2. This edition will provide the first complete edition of the c.140 surviving letters from Dorothy Percy Sidney's correspondence and will illustrate her centrality to the Sidney family's personal and public lives from the 1630s onwards. Its scope and format will parallel our earlier collaborative edition of Sidney family letters for the same Ashgate series, Domestic Politics and Family Absence. The Correspondence (1588-1621) of Robert Sidney, first Earl of Leicester, and Barbara Gamage Sidney, Countess of Leicester (Ashgate, 2005) - i.e., the correspondence of Dorothy Percy Sidney's parents-in-law. It will also draw upon my own preliminary findings on her familial and political importance included in my monograph, The Sidneys of Penshurst and the Monarchy, 15001-1700 (Ashgate, 2006 - completed during a previous period of AHRC Research Leave in 2005).
3. Dorothy secretly married Robert Sidney (son of Queen Anne's Lord Chamberlain, Robert, 1st Earl of Leicester, and nephew of Sir Philip Sidney) in mid-1616 but was warmly welcomed into the Sidney's family life at Penshurst in Kent and at London, where they often resided at Baynard's Castle with their influential cousins, William Herbert, 3rd Earl of Pembroke, and his younger brother, Philip Herbert, 1st Earl of Montgomery, a lasting favourite and close personal friend of King James.
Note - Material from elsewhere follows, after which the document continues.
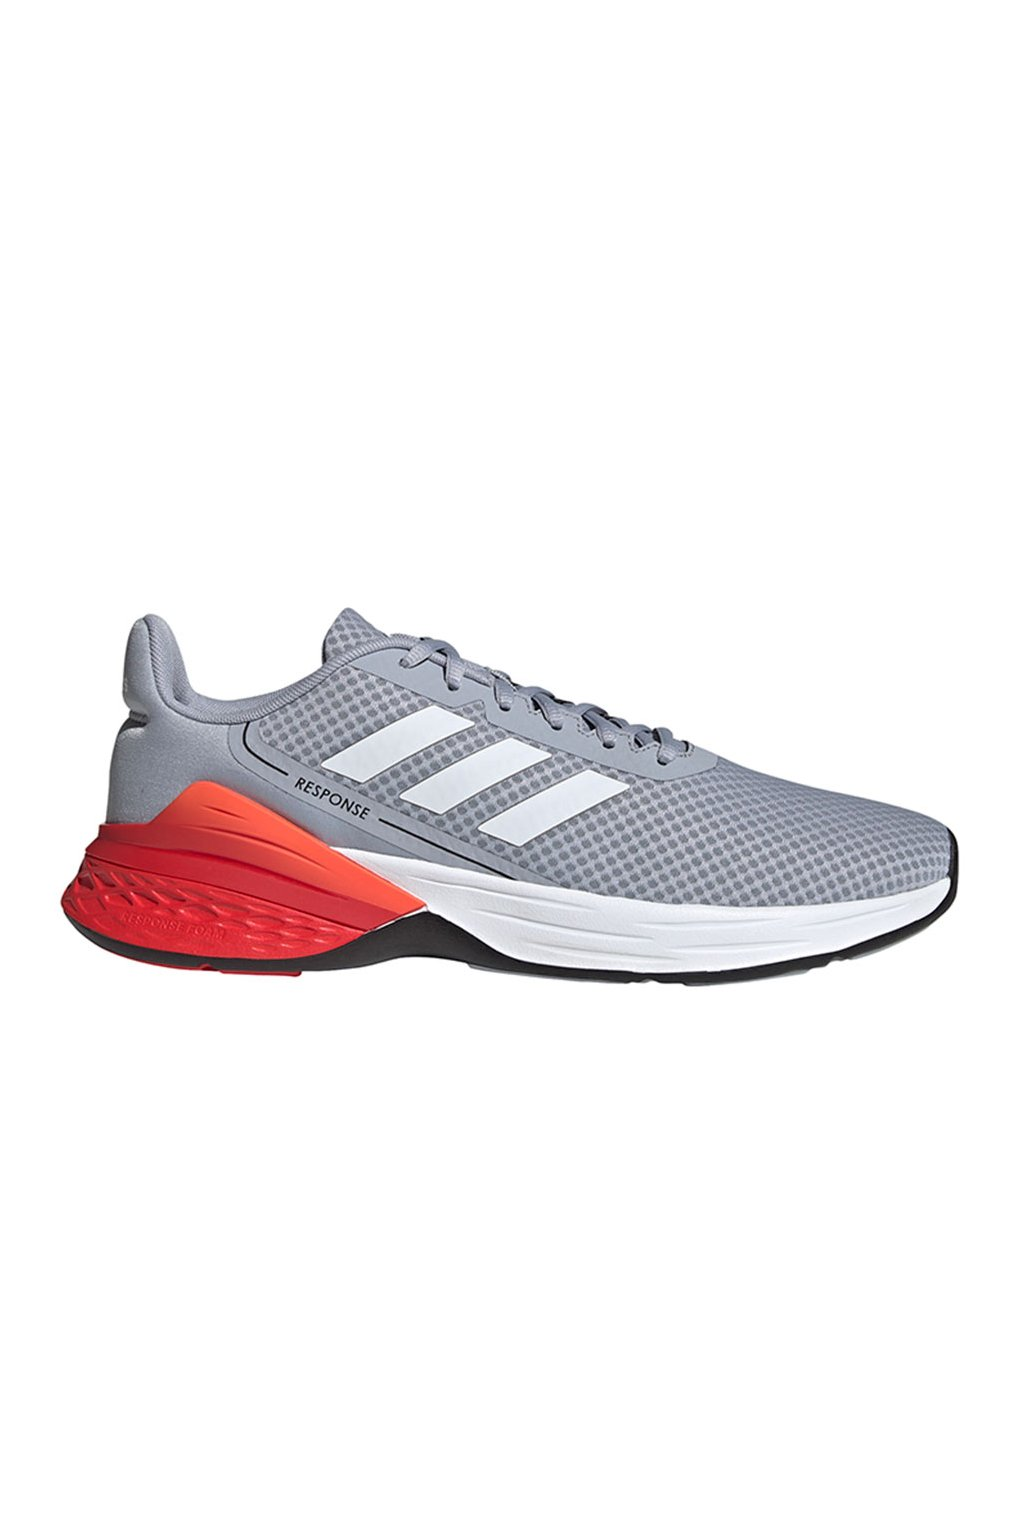 Pánske topánky Adidas Response SR šedo červené FY9152

4. Dorothy's own familial links were of immense value to the Sidneys. She was the daughter of Henry Percy, ninth Earl of Northumberland, and his wife, Dorothy Devereux, the sister of the executed Robert, 2nd Earl of Essex. As her letters demonstrate, she also brought useful political connections with the circle of her sister, Lucy Percy Hay, Countess of Carlisle and, thereby, developed a productive intimacy relationship with Queen Henrietta Maria herself.
5. During her husband's embassy to France (1636/41) and then his Lord Lieutenancy of Ireland (1641/4), Dorothy became an active and shrewd promoter of her family's interests at court and a staunch defender of her husband's administrative reputation and loyalty to the English royal family. Due to Robert Sidney's prolonged absences on international, official and court duties, Dorothy increasingly became the personal and political focus of the Sidney family during the 1630s and 1640s; and, following her husband's traumatic disassociation from Charles I in 1644, she became the central and pivotal figure for the Sidneys in court and political life.
6. In addition to her correspondence with a wide variety of influential court and political figures at this period, in her letters Dorothy also regularly writes about her responsibilities for the financial and domestic management of both her country estate, Penshurst Place in Kent, and her huge London mansion, Leicester House. She comments on the Sidneys' growing collection of pictures and furnishing imported from France and, after 1649, acquired from the English royal collections, and the domestic vicissitudes of childhood illnesses, outbreaks of the plague and schemes for the grand marital unions of her children. Her letters eloquently convey how complex, demanding and testing were the multifaceted roles expected during the mid-17th century of an aristocratic early-modern Englishwoman.